The Nuolja Transect project organizes, processes, and validates ecological transect survey data, focusing on snow and phenology observations.

Project Overview

The Nuolja Transect project involves processing data from transect surveys conducted in the Nuolja region. The key components of the project include:

This section introduces the overall structure of the codebase

Directory structure

Directory Tree

project_directory/
| ├── bash
| │   ├── build.doc.R
| ├── build.docs.R
| ├── data
| │   ├── DATAHERE.md
| ├── descriptions
| │   ├── Nuolja Master Documents
| ├── docs
| │   ├── reference
| ├── man
| ├── out
| ├── R
| │   ├── helper.R
| │   ├── patterns.R
| │   ├── phenology.R
| │   ├── phenology_survey.R
| │   ├── repack.R
| │   ├── snow.R
| │   └── validation.R
| ├── README.md
| ├── repack
| ├── script.R

Data Processing

  • Path Functions: Functions to retrieve paths and directories within the data directory.
  • Filtering Functions: Functions to filter data based on historical and contemporary perspectives.
  • Date Handling Functions: Functions to extract and format dates from filenames.
  • Data Reading Functions: Functions to read and process data files, inserting entries into target data structures.

Key Functions and Their Purpose

Validation

Validate the data in and log the errors into directory log/ ### Example Data An example of the data format used in this project can be found in the descriptions/transect_description.csv file.
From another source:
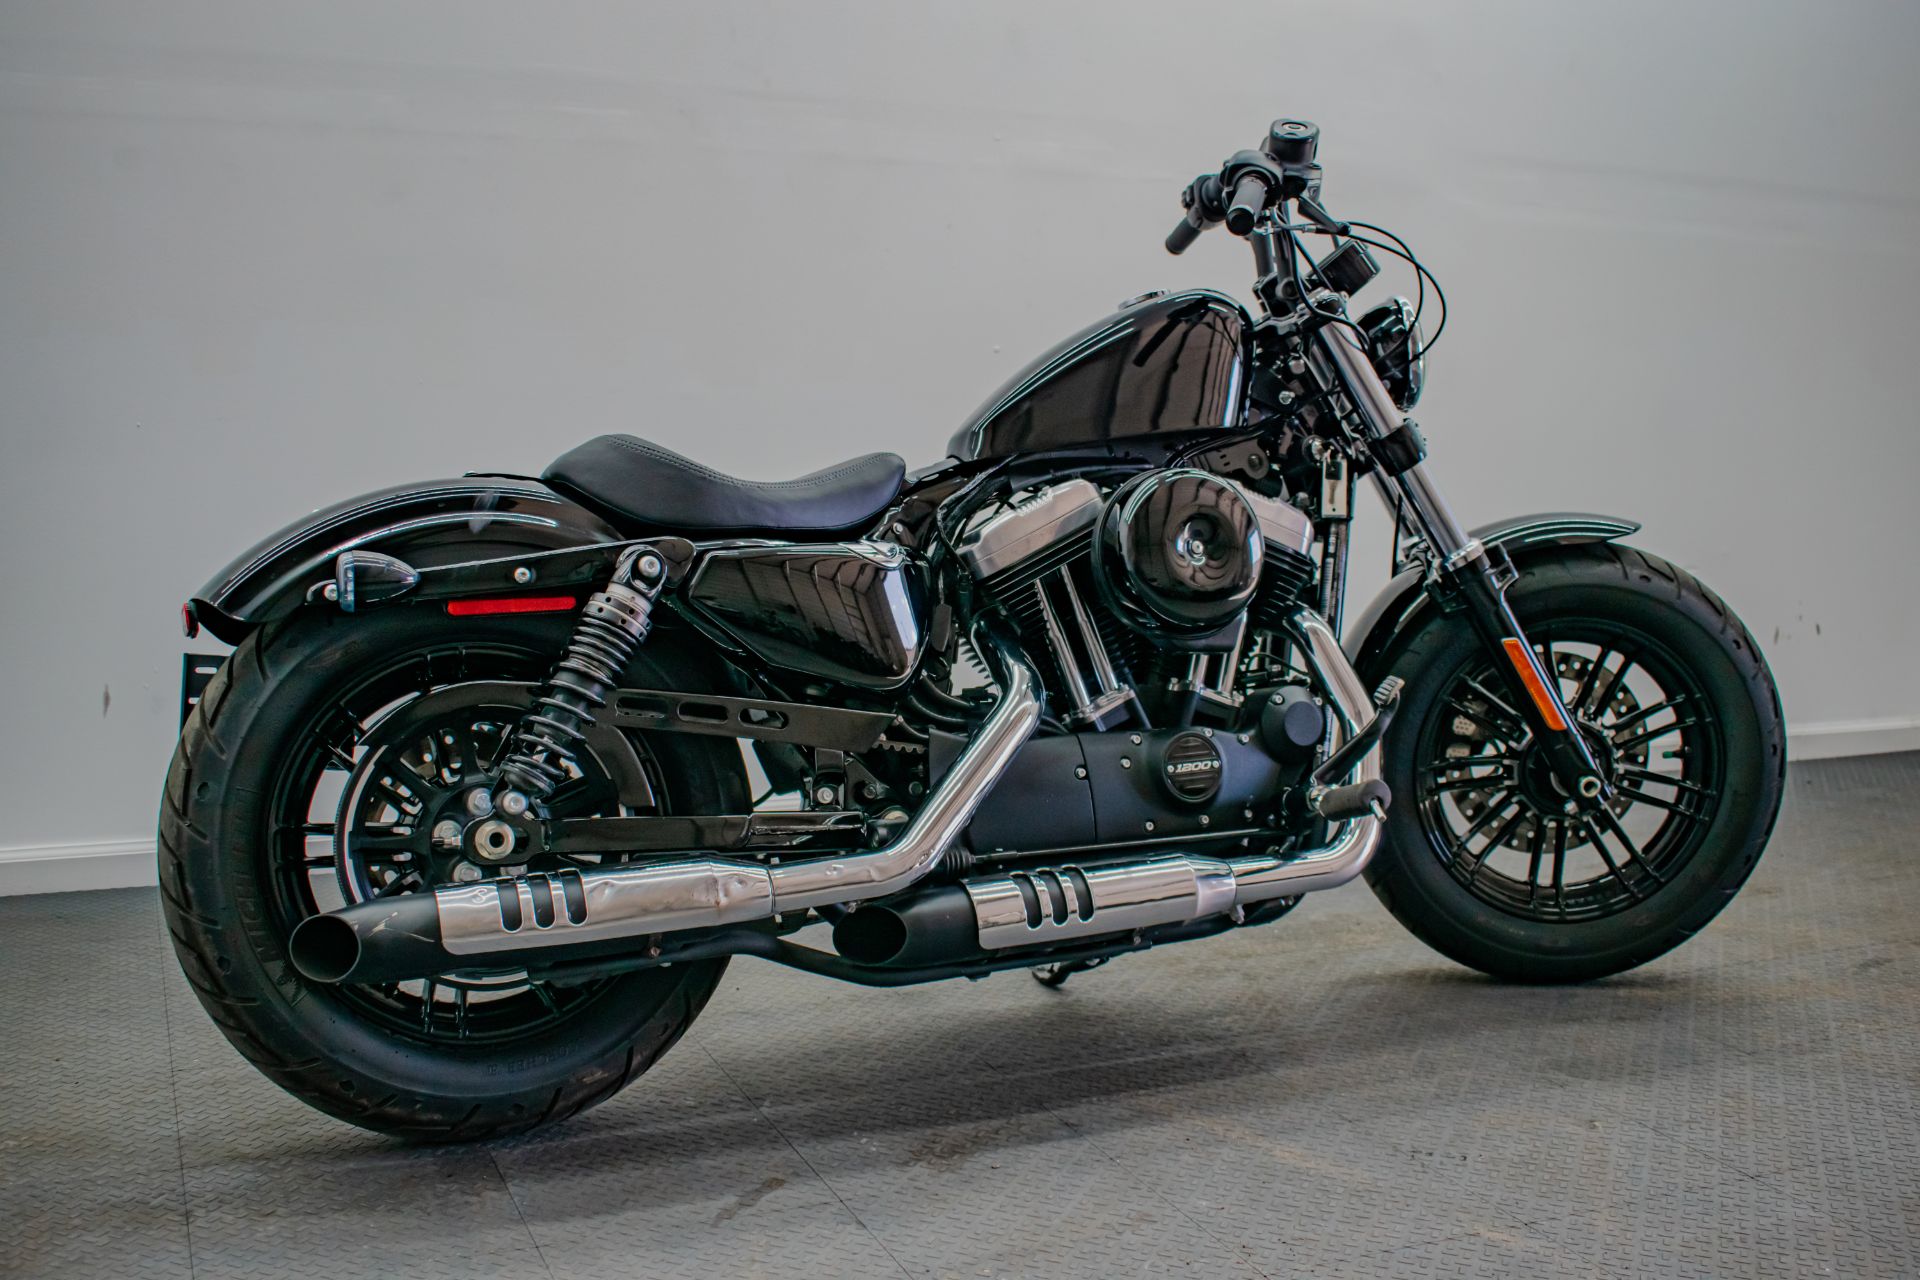 2022 Harley-Davidson Forty-Eight® in Jacksonville, Florida - Photo 3

This file contains information about the transect points, including plot numbers, coordinates (latitude and longitude), and elevations. #### Notes about Data - There are inconsistencies in date naming within the dataset. - One entry from 2022 is missing a valid date. - Geotaging are inconsistent throught the dataset

Operations

Core functions handle directory navigation, data filtering, date handling, reading, validation, and visualization.

This section explains the purpose of each key function in the project, showing how they interact to transform raw survey data into structured, validated outputs for further analysis.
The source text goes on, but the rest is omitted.